Yine böyle nezih bir ortamda sohbetteyiz.

İkinci çayların demi dilimizde buruk bir tat oluşturmuşken, esen rüzgârın serinliği karşısında rahatlamışken, İzmir’de ve daha rakımı düşük memleketlerde yaşayanların sıcaktan bunaldıkları mevzu edilir “bu memleketin havası” ve o anın rahatlığıyla kendimizce Demirci için övgüler düzüyoruz.

Laf lafı açtı döndü dolaştı yine Demirci Devlet Hastanesi ve uzman doktor eksikliği, hastanemizde yaşanan aksaklıklar ve bunun yanında yapılan güzel işler de konuşmalara dâhil oldu.

BAŞKANIN AYAĞINA BATAN İĞNE

Demirci ‘nin sevilen başkanlarından biri birkaç gün öncesinde yaşadığı talihsiz bir olayı anlatmaya başladı.

Bizim başkan yeni bir pantolon alır evde dener paçası uzun gelmiştir. Yenge üzerinde prova eder ve uzun gelen paçaları kıvrılması gereken yerlerden işaretler ve iğne ile sabitler. Pantolon terziye gidecek yengenin iğne ile sabitlediği yerden kısaltılacaktır. Bizim başkan kendi bile anlatırken gülüyor. Ama Yengenin pantolon paçasına işaret olarak koyduğu iğneyi pantolonu çıkarırken yaptığı ters bir hareket yüzünden, ayağının tabanına batırır ve iğnenin büyük bir kısmı ayak tabanına saplanıp geri kalan kısa kısmından da kırılır. İğne ayağın içine girmiştir ve yüzeyde de ucu gözükmemektedir. Acı da başlayınca hadi bakalım doğru Demirci Devlet Hastanesine.
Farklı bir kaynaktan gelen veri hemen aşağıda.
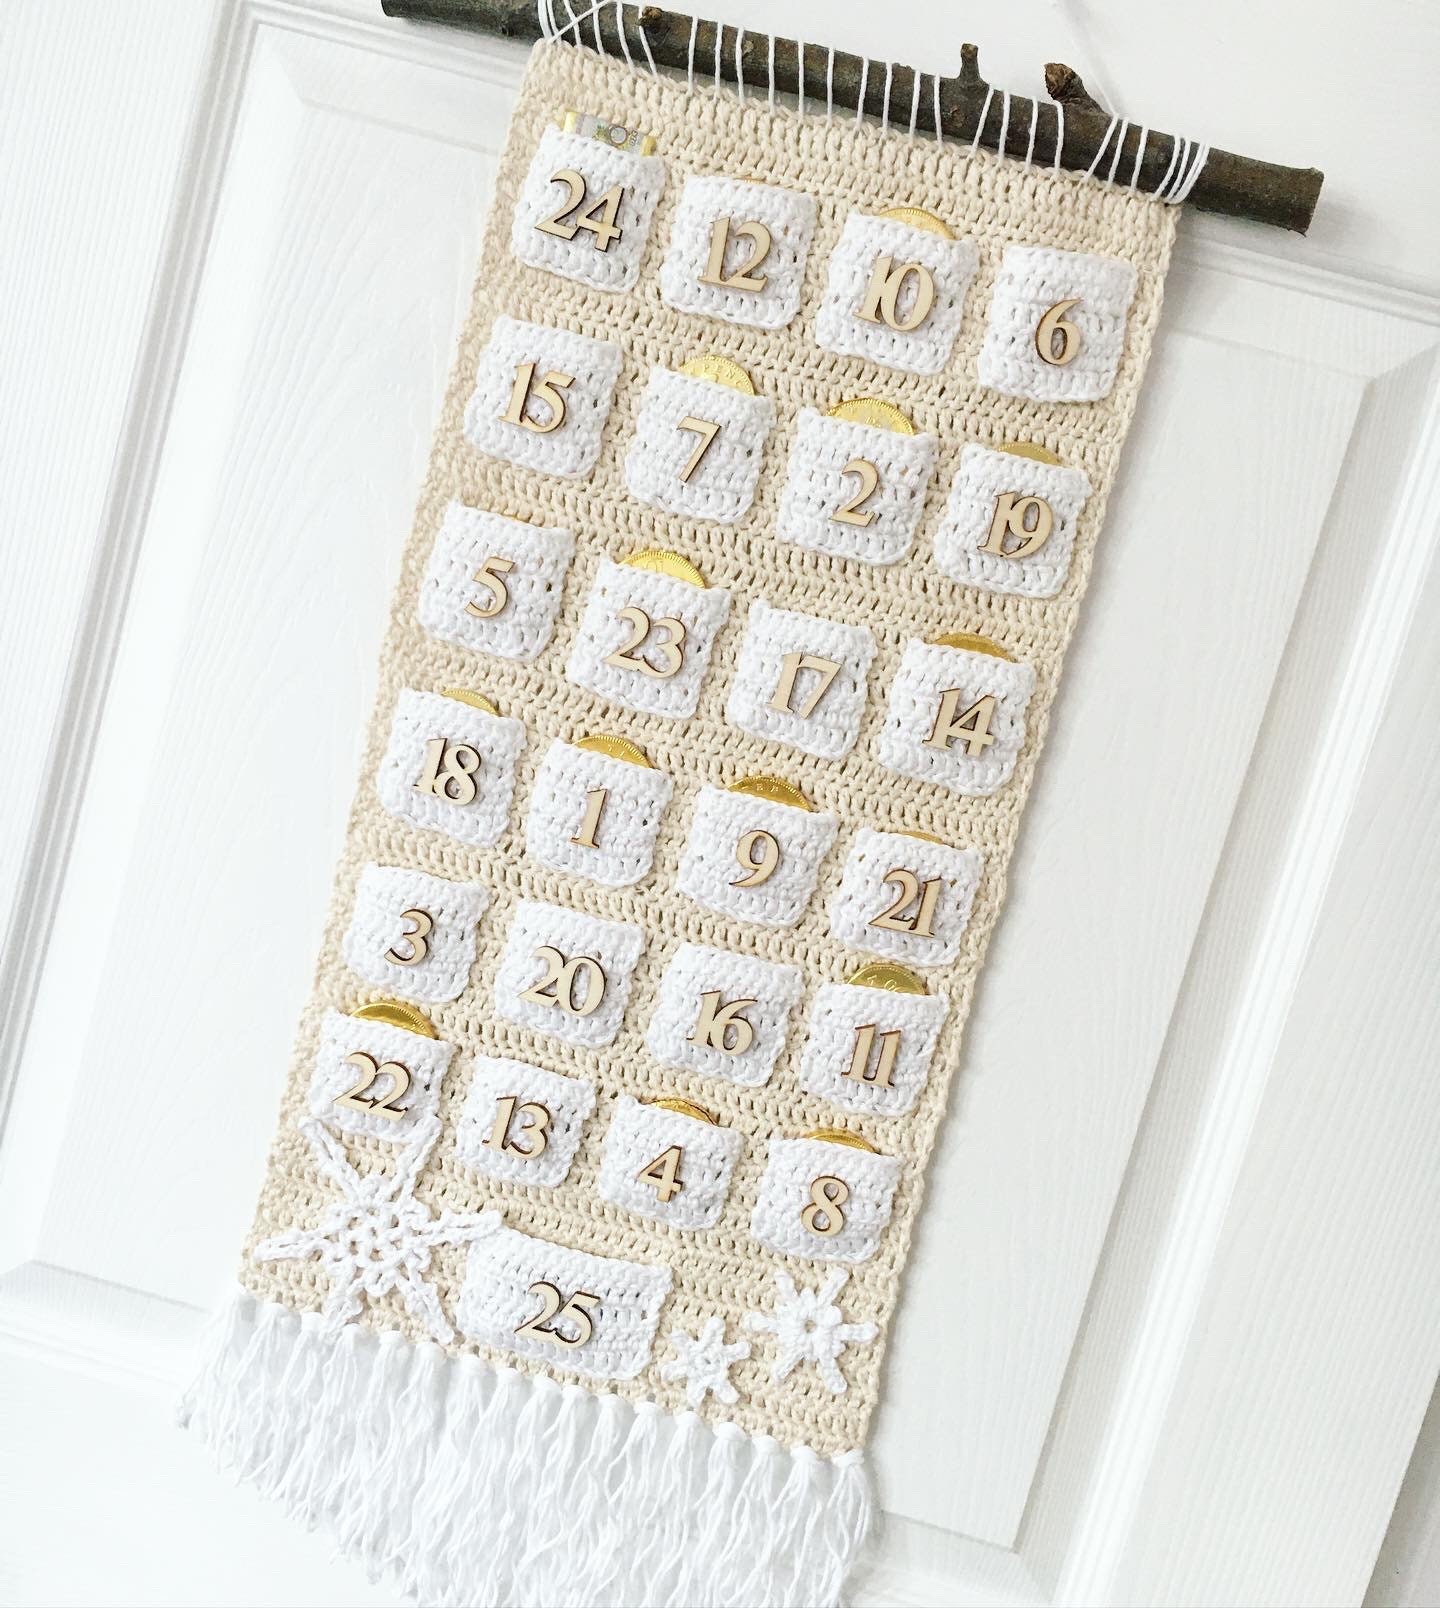 Beginners Crochet Blanket Kit. Easy DIY Crochet Blanket. Boho

Hastaneye varılır acil doktoru acısını dindirir bir iğne yapar. Daha sonra cerraha haber verilir. Cerrah röntgeni çektirir iğne röntgende gözükmektedir. Cerrah bakar derki “şimdi bu ayağı ameliyat edip iğneyi çıkarmamız mümkün ancak, ortopedi uzmanının müdahalesi de gerekebilir,  şu an burada bu mümkün değil” der ve başkanı sevk eder.
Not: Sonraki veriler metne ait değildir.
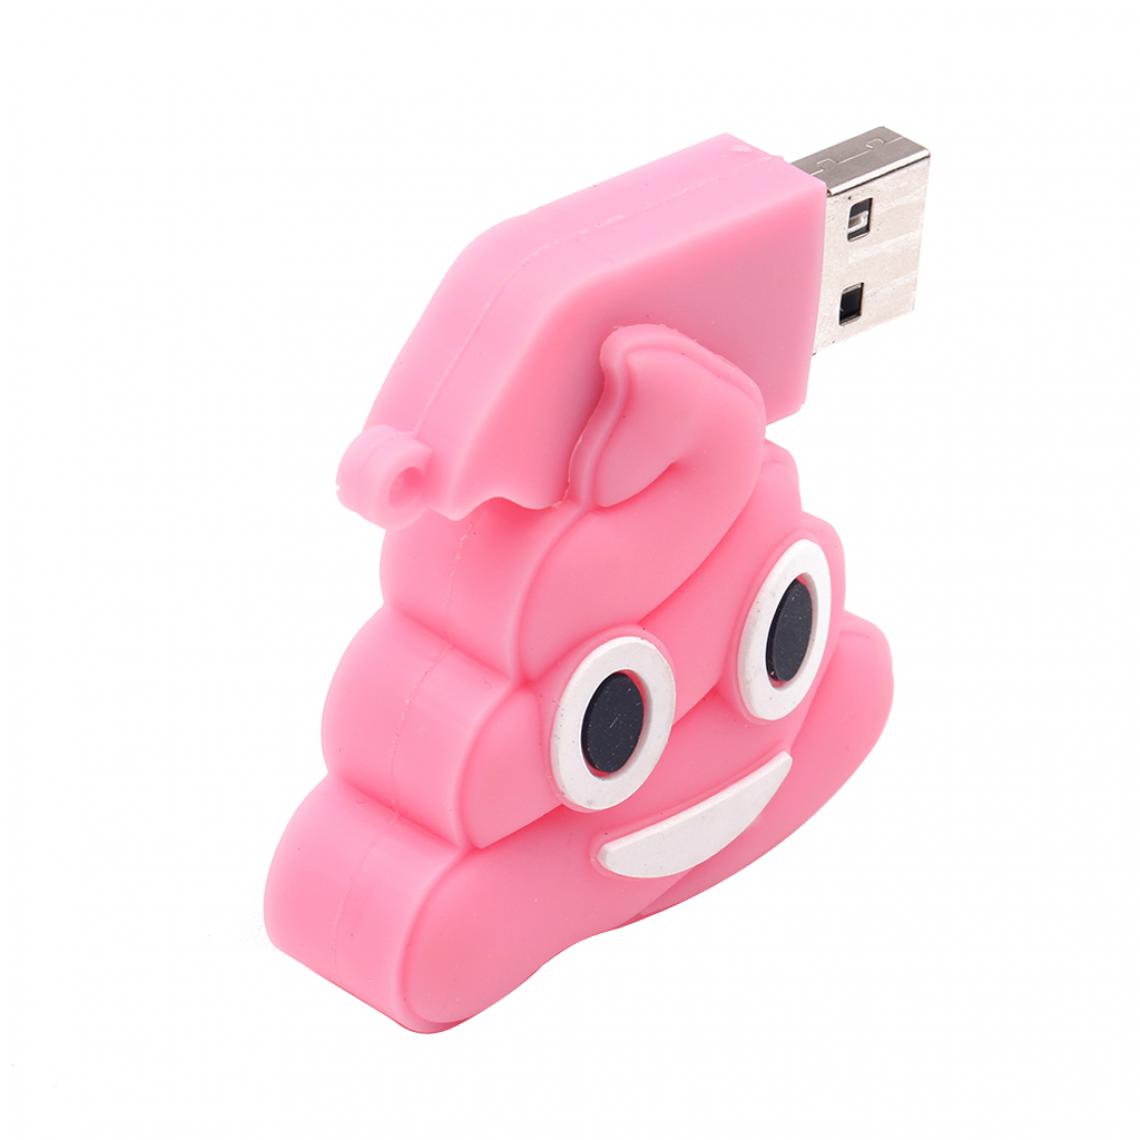 marque generique - usb flash drive memory stick thumb pendrive pink cute creative design 32gb - Clés USB

Bizim başkan ayağında en az 3 santim iğne saplanmış ve ucu da kırılmış vaziyette, elinde iğnenin kırıldıktan sonra kalan kısmıyla birlikte Salihli ‘de bir özel hastaneye varır.
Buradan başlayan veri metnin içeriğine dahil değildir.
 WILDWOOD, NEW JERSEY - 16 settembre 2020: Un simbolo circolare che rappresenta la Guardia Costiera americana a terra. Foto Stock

Vardıkları hastanede önce acilden bakarlar, daha sonra cerrah devreye girer o da müdahalenin olması gerektiğini ve hatta plastik cerrahın bile müdahale etmesi gerektiğini söyler ve astronomik bir rakam istenir. Başkan bu işlemi devlet hastanesinde yaptırmak için hastaneden tam çıkmak üzere iken, daha önce geçirdiği başka bir ameliyatı ve tedavi sürecini yöneten doktor ile karşılaşır, Yenge ve doktor başkanın hastalığı döneminde tanıştıklarından dolayı yenge doktora yaşadıklarını anlatır. Bu doktor devreye girer ve bizim başkan yeniden içeriye alınır. Ameliyat pozisyonuna geçilir başkana yeşil kıyafetler giydirilir, uyuşturulur ameliyat yapılır röntgende de rahatlıkla görülebilen iğne çıkarılır. Ayağının tabanından müdahale edilen yere de üç dikiş atılır, başkan taburcu edilir.

Başkanın durumu şu an iyi, bu başından geçeni anlatırken hem kendisi hem biz dinleyen topluluk gülmeye devam ediyoruz. Yine toplulukta bulunan ve bu tür ortamlarda sohbeti dinlenen yılların eğitimcisi bir hoca o her zamanki hoş gülüşüyle “durun bakalım bir iğne hikâyesi de bende var” deyiverdi.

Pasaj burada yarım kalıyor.